The Bears offense was an abomination in 2019 and there was plenty of blame to go around. Here are five thoughts on what’s transpired since the end of one of the most disappointing campaigns in the history of this organization.


(1) The most pivotal decision made thus far (and unsurprisingly the first) was hiring Juan Castillo to rebuild the offensive line/run game. How did that happen? It’s pretty simple. Matt Nagy is in constant communication with Andy Reid, his mentor and friend. Reid’s recommendation was to get the run game fixed by getting Castillo. (And Andy was instrumental on making it happen.) This offense doesn’t want to be run first. But it needs to be run effectively. And under Helfrich/Hiestand, the rushing attack was disjointed and wildly ineffective. Relying on RPO concepts meant relying on the quarterback to make the right decision. He didn’t do that very often in 2019. Castillo will move the run game back down the hill.

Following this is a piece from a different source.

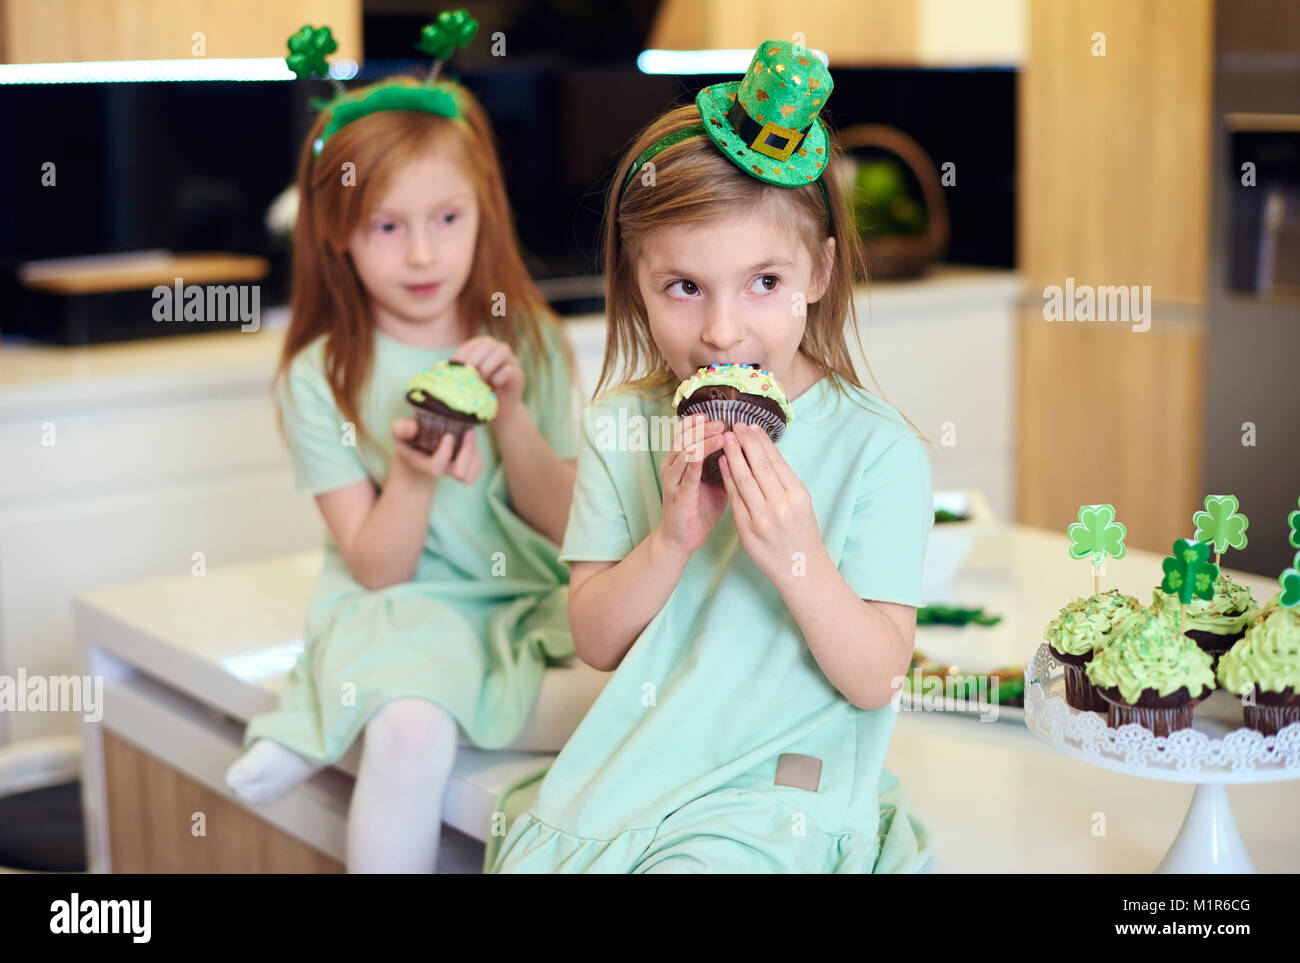 Portrait of children eating cupcake - Stock Image
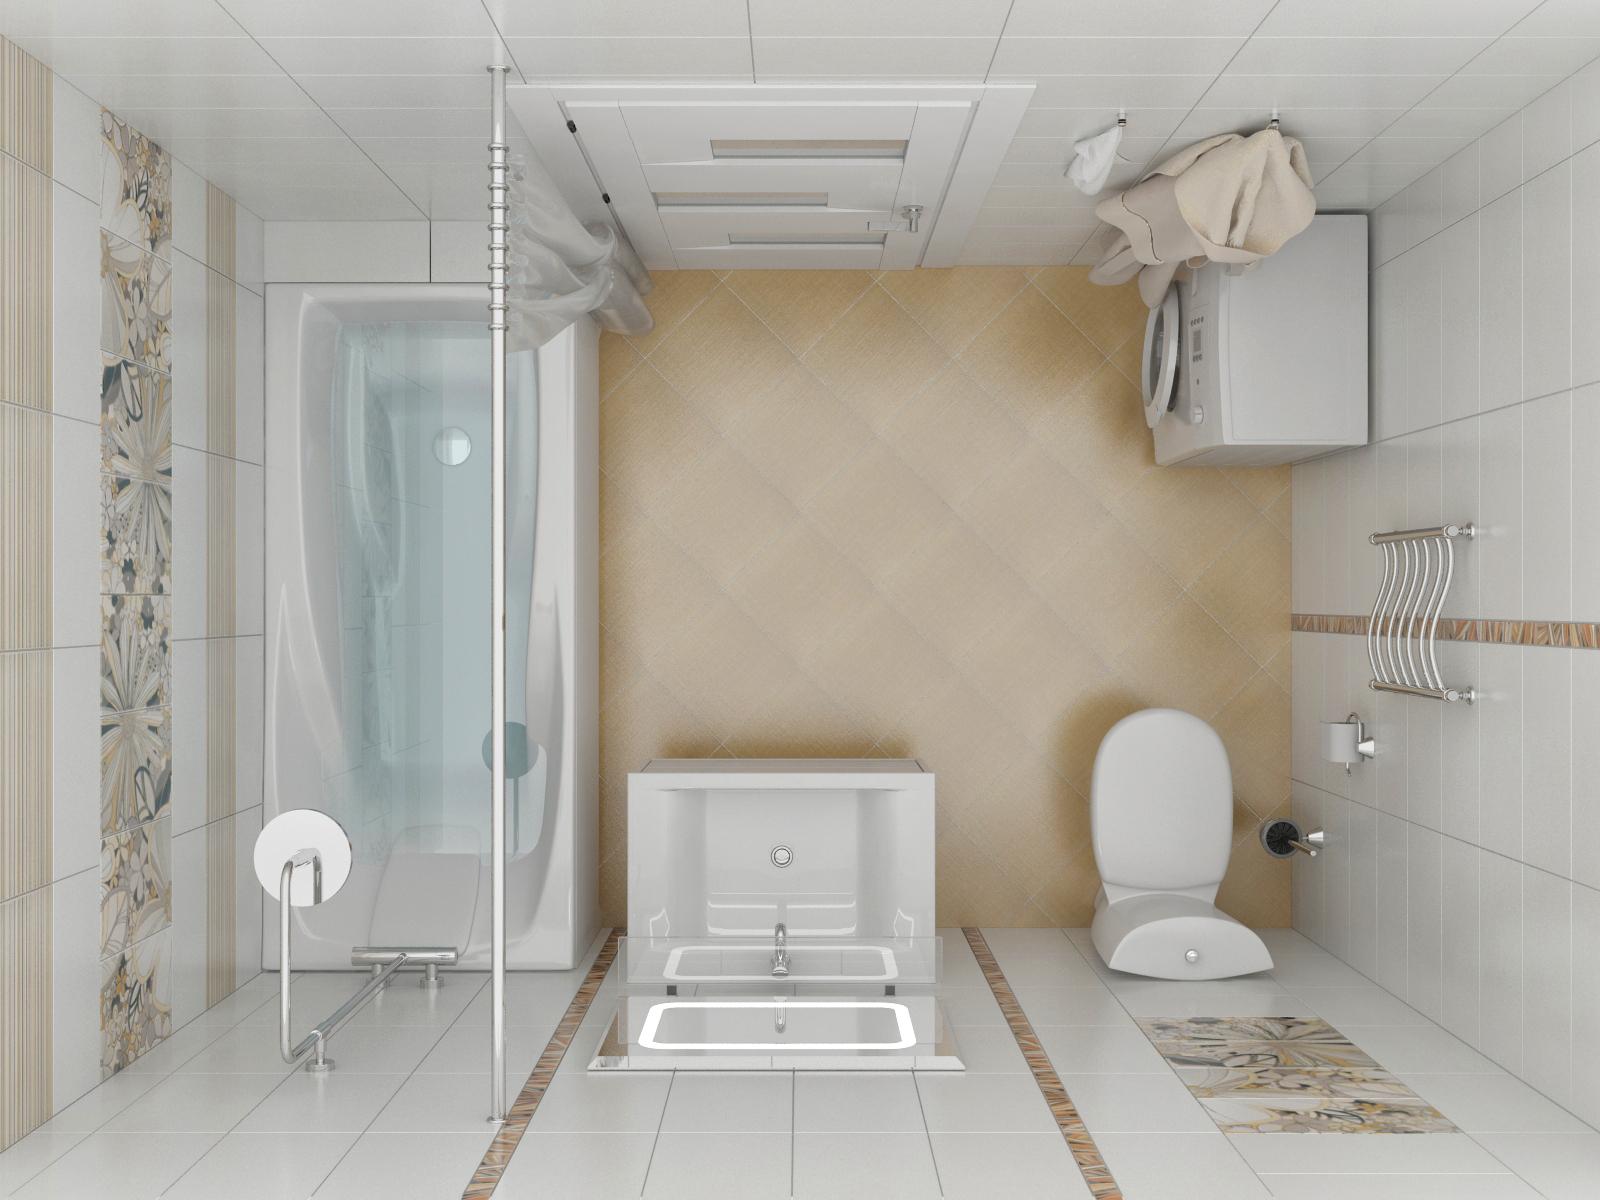 Дизайн ванной комнаты виды

(2) Nagy and Pat Shurmur had a deal done. Shurmur was going to be the next Bears offensive coordinator. But a day after I got word of the agreement, I got another word: “He’s got options.” The allure of Philly was strong. Shurmur is pissed off at the Giants and wanted to play them twice a year. The allure of Cleveland grew, even though he was fired there, because he has deep affinity for new head coach Kevin Stefanski. But ultimately it was Vic Fangio giving him the keys to the offensive kingdom in Denver that won the day. Now he’ll run half that program, nurture a young, talented QB and perhaps get himself a third shot at a head coaching gig.

[Side note: Shurmur was not turned off by working with Trubisky.]


(3) John DeFilippo interviewed to be the head coach of the Bears in 2018 and, since then, his star has been rapidly falling in the league. Why? Because many folks in the league don’t believe Flip is a play-caller. He’s a leader of men. He’s a teacher. He’s great on the whiteboard and even better on the sideline. But his talents are misused trying to figure out which run to call on third-and-one. Flip will make every QB in the 2020 QB room better. Now it’s just a matter of finding out who is going to be in that room.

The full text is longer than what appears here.